Even though the statements of the sentencing judge do not explicitly reveal his consideration of the invalid sentences, we are of the opinion that the principles of Tucker are best effectuated by resolving any doubts we might have on this issue in favor of resentencing.

III.

Accordingly, we vacate the order of the district court dismissing Fletcher’s petition for a writ of habeas corpus and remand to that court to enter an order stating that the writ shall issue unless the relator’s sentences in the Greene County Court of Quarter Sessions at Nos. 22 & 66 September Term 1965 and Nos. 13 & 14 December Term 1966 are vacated and he is resentenced, within a reasonable time, without consideration of the 1940 and 1942 North Carolina convictions.

. Since 1966, Fletcher has instituted more than 40 proceedings in this court and in the United States District Court for the Western District of Pennsylvania. See Appellee’s Supplemental App. However, if the Commonwealth’s argument for affirmance is grounded on the number of claims brought, the argument must be rejected. While we are, of course, against proliferation of frivolous petitions and appeals, we emphasize that this court is ever available to review the merits of a litigant’s claim as long as it is not duplicative of a claim previously adjudicated by this court.

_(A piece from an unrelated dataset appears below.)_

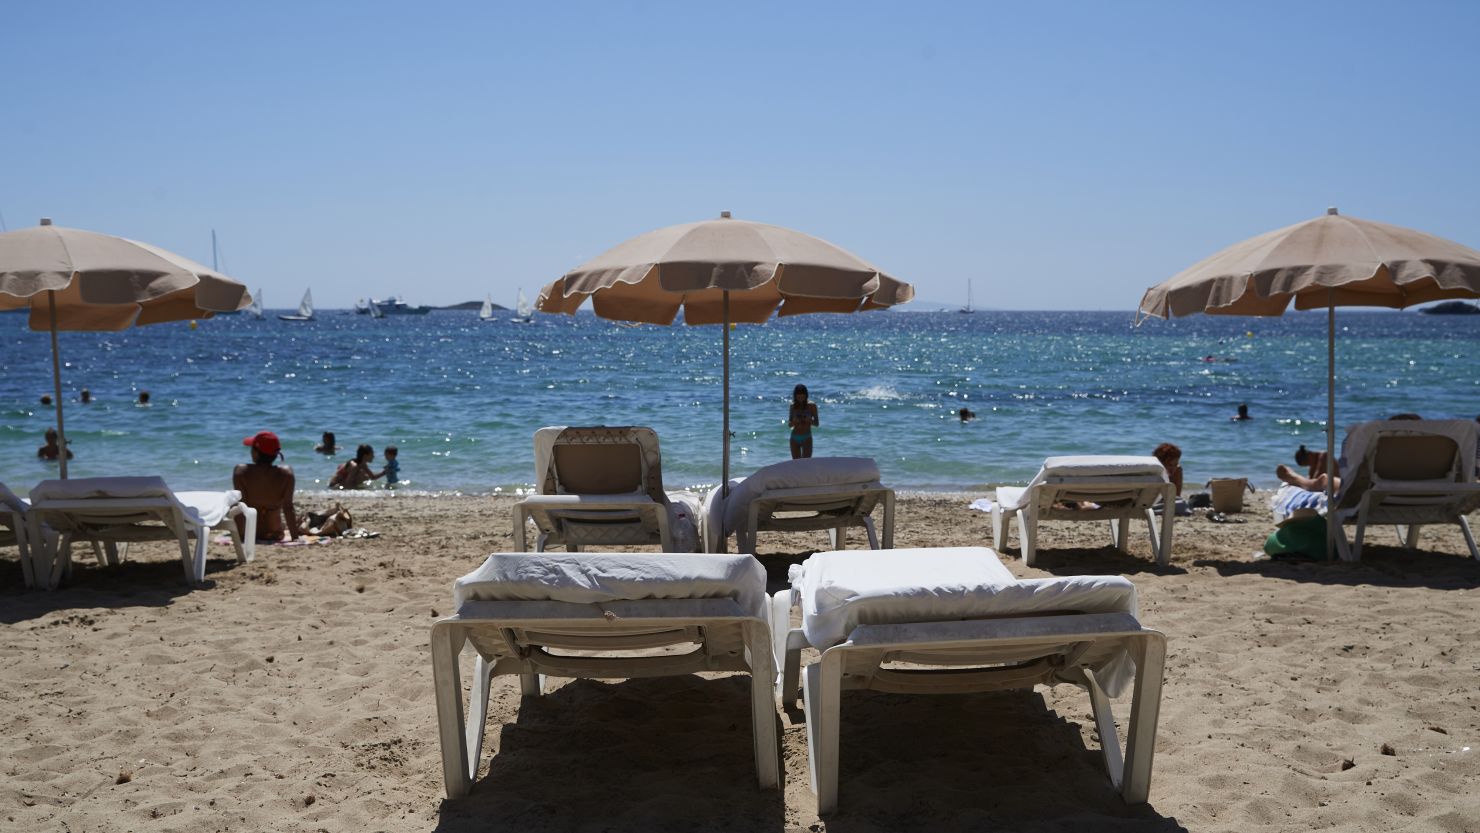 IBIZA, SPAIN - AUGUST 16:  Detail view of the Figueretes beach on August 17, 2020 in Ibiza, Spain. Almost all Schengen countries recommend not traveling to Spain due to COVID -19. The quarantine imposed by the United Kingdom has been decisive, many establishments have not opened and the average occupancy is less than 50%. (Photo by Carlos Alvarez/Getty Images)

. No. 22 September Term 1965, Nos. 13 & 14 December Term 1966.

. No. 66 September Term 1965.

. The issues that form the basis of Fletcher’s petition for habeas corpus were raised in the Pennsylvania state courts. See Petition Under Post Conviction Hearing Act at 3 & Exhibit No. 2, Nos. 66 & 22 September Term 1965, Nos. 13 & 14 December Term 1966, Ct. of Common Pleas, Criminal Division, Greene County, Pa., Oct. 18, 1971; Brief for Appellant at 3, No. 120 April Term 1973, Super.Ct. of Pa.; Petition for Allowance of Appeal, No. 422 Allocatur Docket, Sup.Ct. of Pa. July 18, 1973. Consequently, we find that he has “exhausted the remedies available in the courts of the State” having custody. 28 U.S.C. § 2254(b) (1970); see United States ex rel. Geisler v. Walters, 510 F.2d 887, 892 (3d Cir. 1975).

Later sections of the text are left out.